**SUPPLIED MATERIAL**

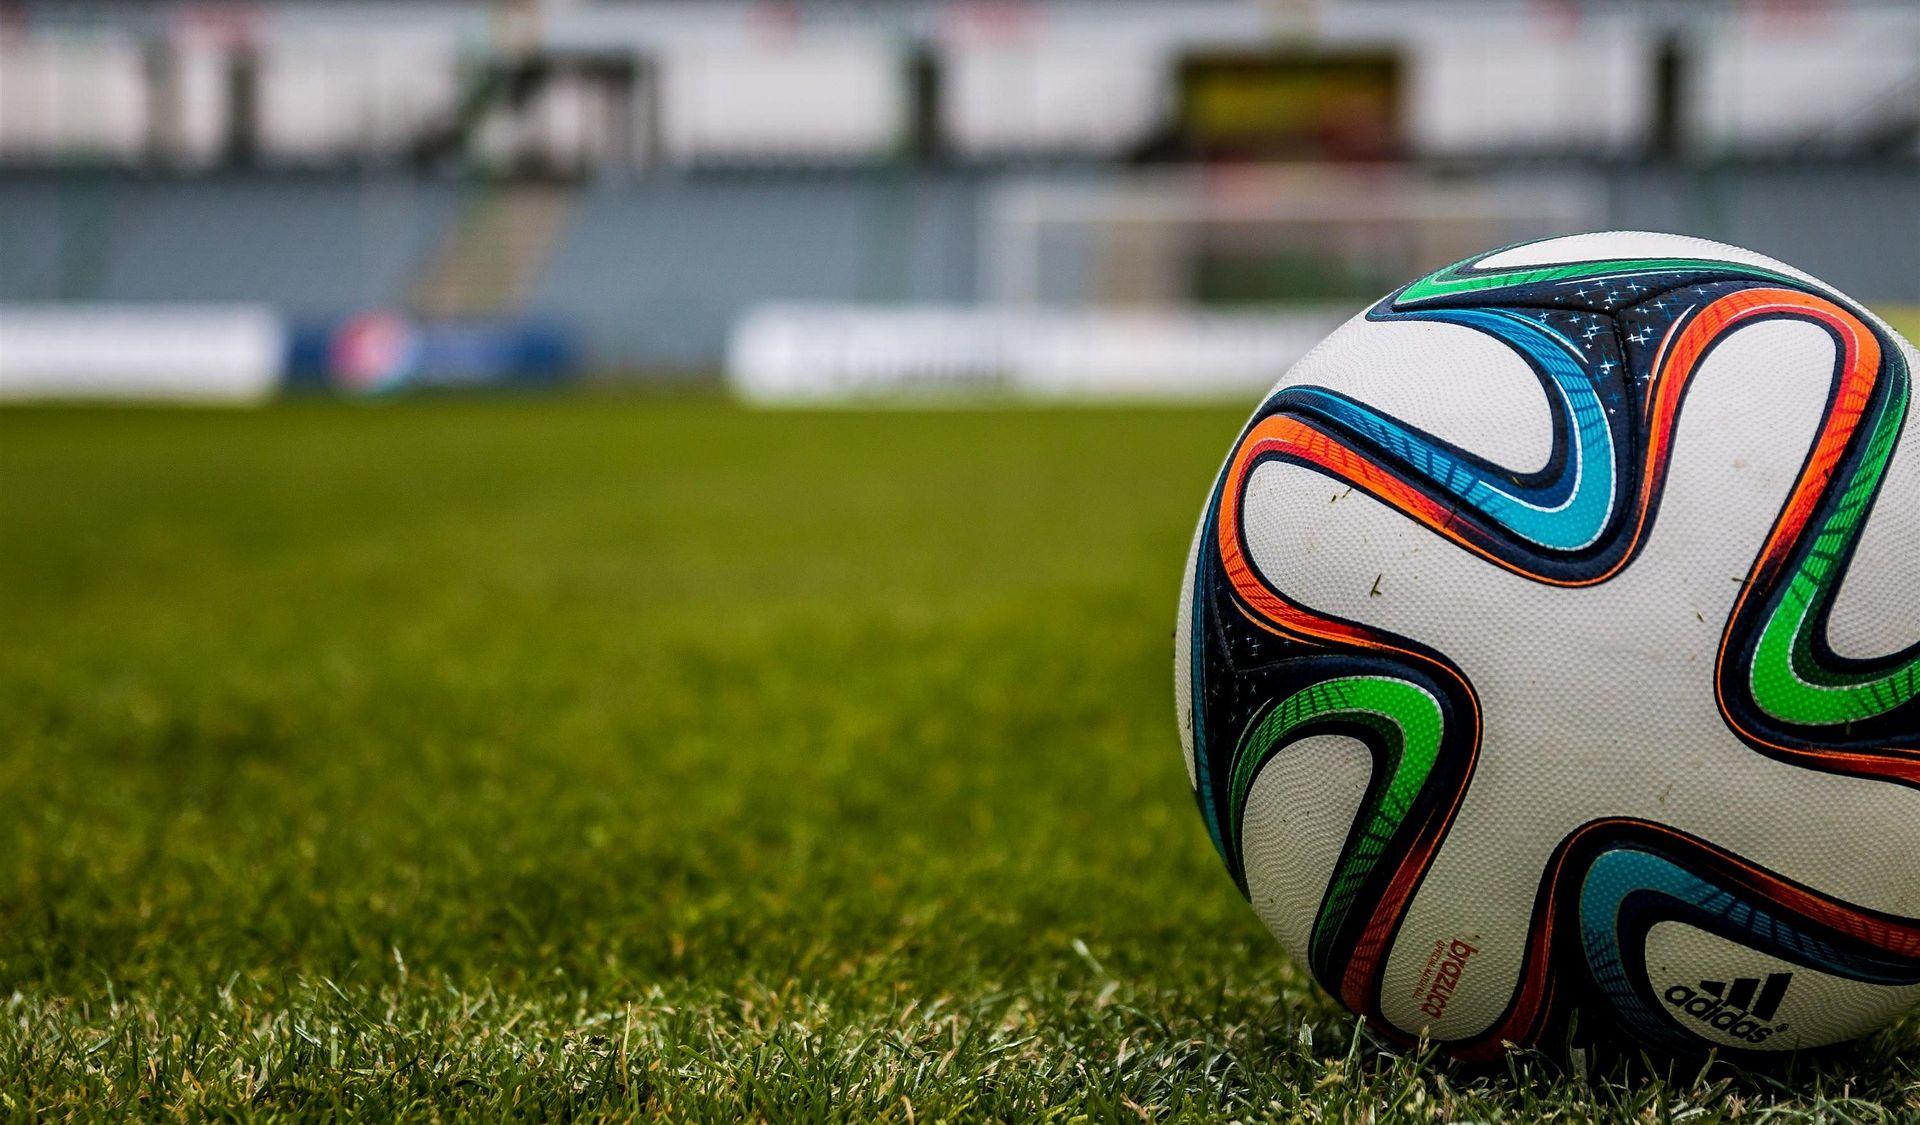 Morata čeka dogovor Reala i Manchester Uniteda, na Old Trafford dolazi švedski stoper Lindelof
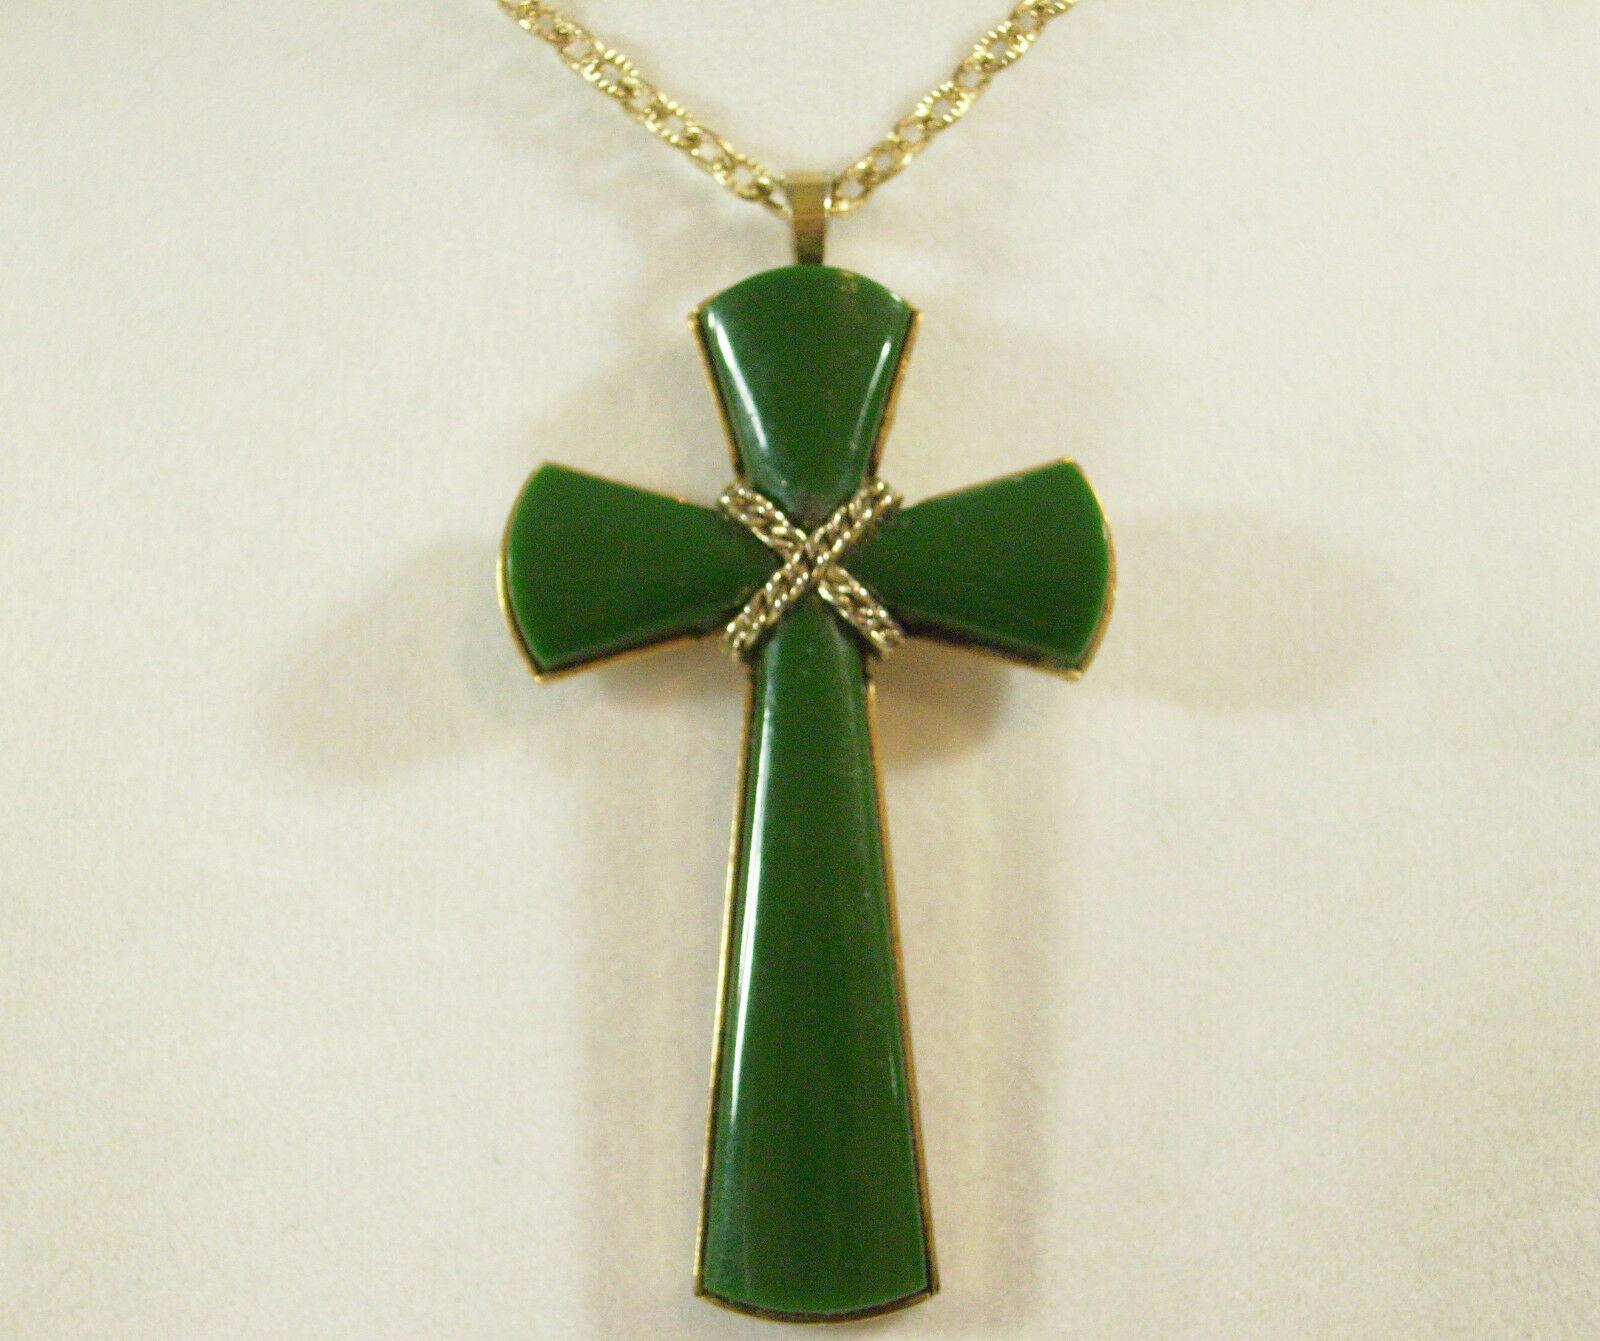 AVON JADE Green JULIETTE CROSS Pendant Chain Necklace Gold Plated Vintage Estate
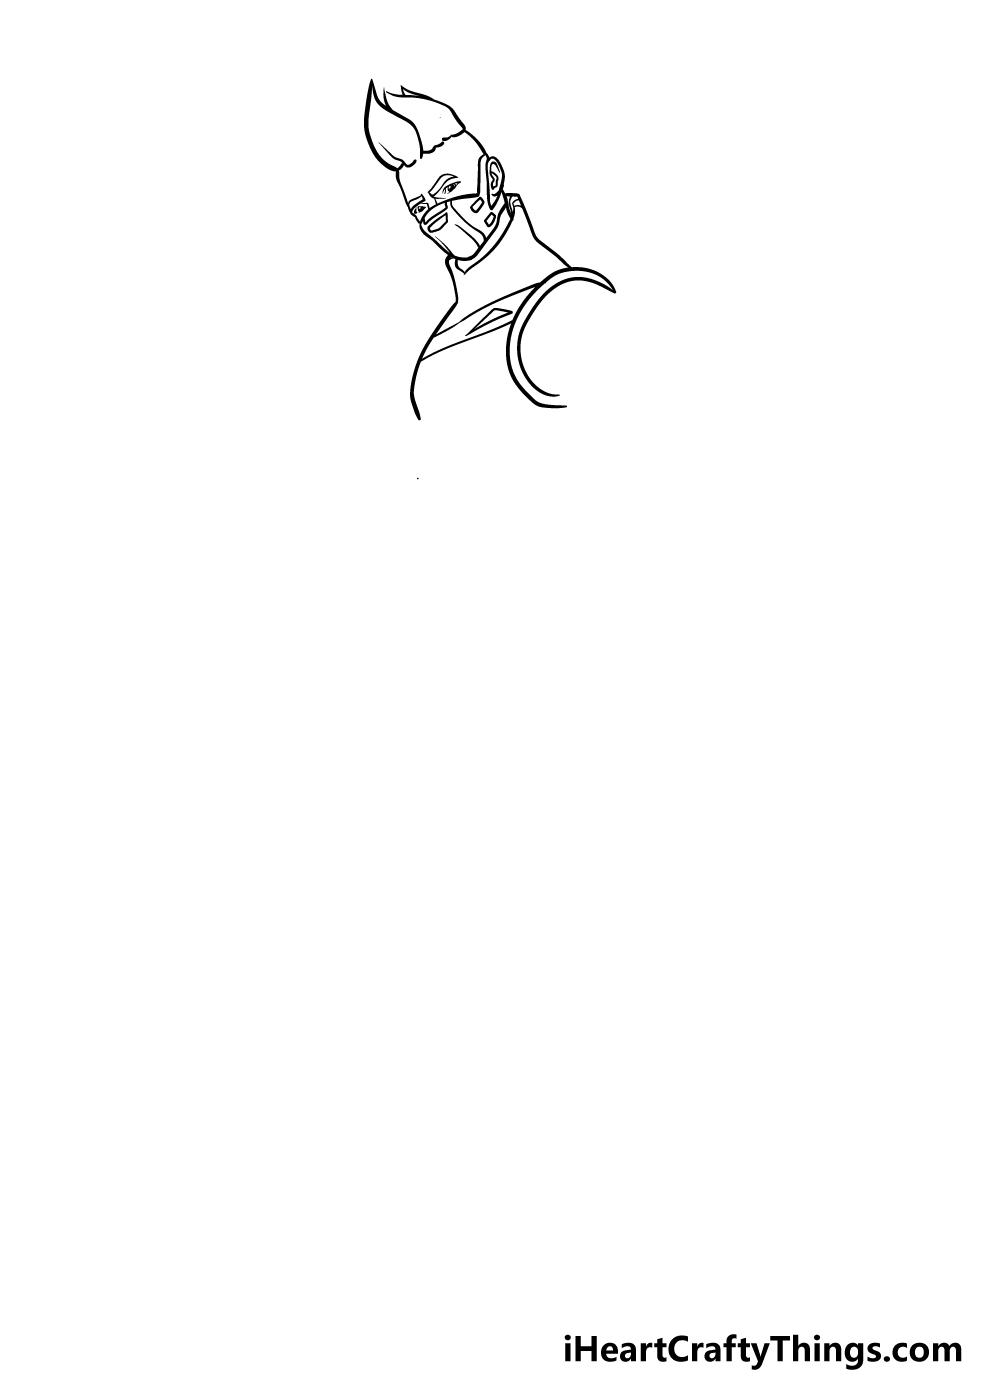 fortnite drawing step 4

**WHAT YOU ARE ASKED TO DO**
Everything in the material except the pictures should be restated word for word.

**REPLY**
 Morata čeka dogovor Reala i Manchester Uniteda, na Old Trafford dolazi švedski stoper Lindelof
 AVON JADE Green JULIETTE CROSS Pendant Chain Necklace Gold Plated Vintage Estate
 fortnite drawing step 4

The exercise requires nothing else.